И – чистая, раздетая – молчит
и тихо в уголке мироточит.
***
что без смысла из-за скуки
ты долдонишь (кв)а да (кр)я,
перелистывая звуки
откидного букваря,
переваривая даты
в селезнёво-жабий суп,
ожидая, что когда-то
всё в анналы занесут.
что ж тебе никак неймется
ни в пургу, ни по весне –
пересвечиваешь солнце,
перехрустывая снег,
пересвистывая ветер
и укладываясь в стих
не единственной на свете
трансформацией других.
ДождьПротивСлов
художник не рисует, а пишет
корабль не плывёт, а идёт
а дождь идёт по крыше
и слышит
как всё наоборот
живут на чердаке между снами
художник старый кот и куда
поставить запятую не знает
никто и никогда
и вот плывёт по небу кораблик
размытой акварелью
и вот
рисуют чьи-то вечные грабли
небесный волноход
а с ним и волношум с волноплеском
и всё бы ничего если б не
писалась эта странная фреска
словами на волне.
Условные сантименты
Условимся: пока мне жаль любого
прохожего, пропащего, рябого,
хромого, атеиста, дурака,
и пьяницу, и гопницу; пока
не злит меня присевшая на ухо
соседка – сумасшедшая старуха,
что воет по-собачьи по ночам,
и ездит по ушам потом врачам,
мол, это не она; пока я верю,
как врач больному, как природа зверю,
как мать ребёнку, как наоборот;
пока бросаю камень в огород
лишь с тем одним, чтоб выложить беседку
и вызволить безумную соседку
из лап её врача на чай, на час,
на чачу, сальсу, на собачий вальс;
пока меня, упитую стихами,
так умиляет вид и трепыханье
то стрекозы, то «божьего жучка»
(как говорит ребенок мой); пока
мне не претит нечистая работа –
то отрезвить, то вылечить кого-то,
то научить (я вечно всех учу);
пока лениво, через не хочу
сама себя на пытки посылаю:
ползи, змея, беги, собака злая,
опять чужую шкуру примеряй, –
я не живу и будто бы не я.
***
маленький всё ждёт кого-то
свет включает в коридоре
не предчувствуя как будто
ни печали и ни горя
просыпается на утро
из-под пятницы в субботу
и дежурит в коридоре
ни одетый ни обутый
двери хлопают в подъезде
мальчик хлопает глазами
ничего понимая
он скучает по кому-то
и чужими голосами
что-то стелется под дверью
а малец стоит на месте
я не верю
Каракатица
не успеешь от спячки очухаться,
как в тебе уже чавкает стих,
это слов твоих слабые щупальца
тянет в пропасть карманов своих
речь дурная, молллюскообразная,
не слезающая с языка.
и молчишь ты, преступно согласная,
и глядишь, безучастная, как
перед страхом могильного морока,
где обратно уже не соврёшь,
выпускает чернильное облако
каракатица-ложь.
Гул
А.П.
Пока один, скальпидив гул, оставив голым
начальный смысл, плодит конечное – другой
тыдым отечества взахлёб глотает горлом
грача, зависшего над речью.
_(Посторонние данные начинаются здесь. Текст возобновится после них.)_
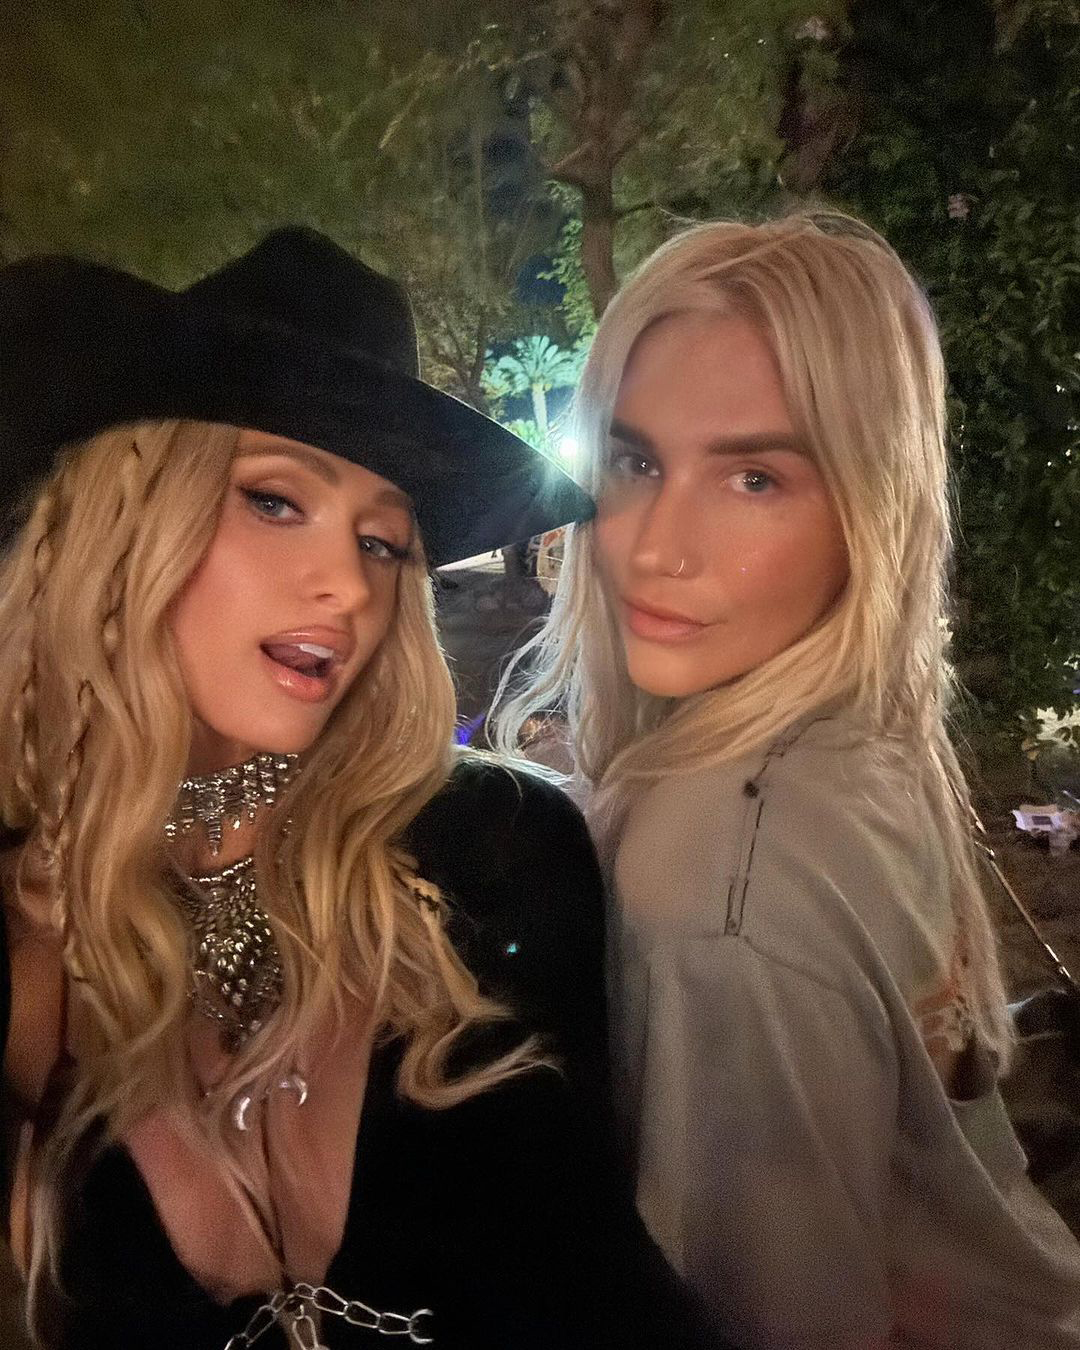 The two 2000s icons were spotted together at the invite-only party, Neon Carnival

Но слегой,
через канаву перекинутой тем богом,
который в общем-то и дым, и эта речь,
и этот грач, и этот гул через дорогу,
спасённый, падает над ними. Будто с плеч
не голова летит на дно, а головёшка,
чтобы, дотлев и возродившись в новый гул,
где коньячок на посошок и на дорожку,
уснуть не речью, а грачом в своём снегу.
Обострение
грусть скрипит челюстями,
что калитка в саду,
и в грудине частями
отмирает весна,
и луна косоглаза
и бледна, как в бреду,
и к словам косноязым
прилипает десна.
словно язвы по телу,
по весне фонари –
то горят среди бела,
то чернеют в ночи,
и от слов криворусских
на губах – снегири,
а в душе – трясогузки
и грачи.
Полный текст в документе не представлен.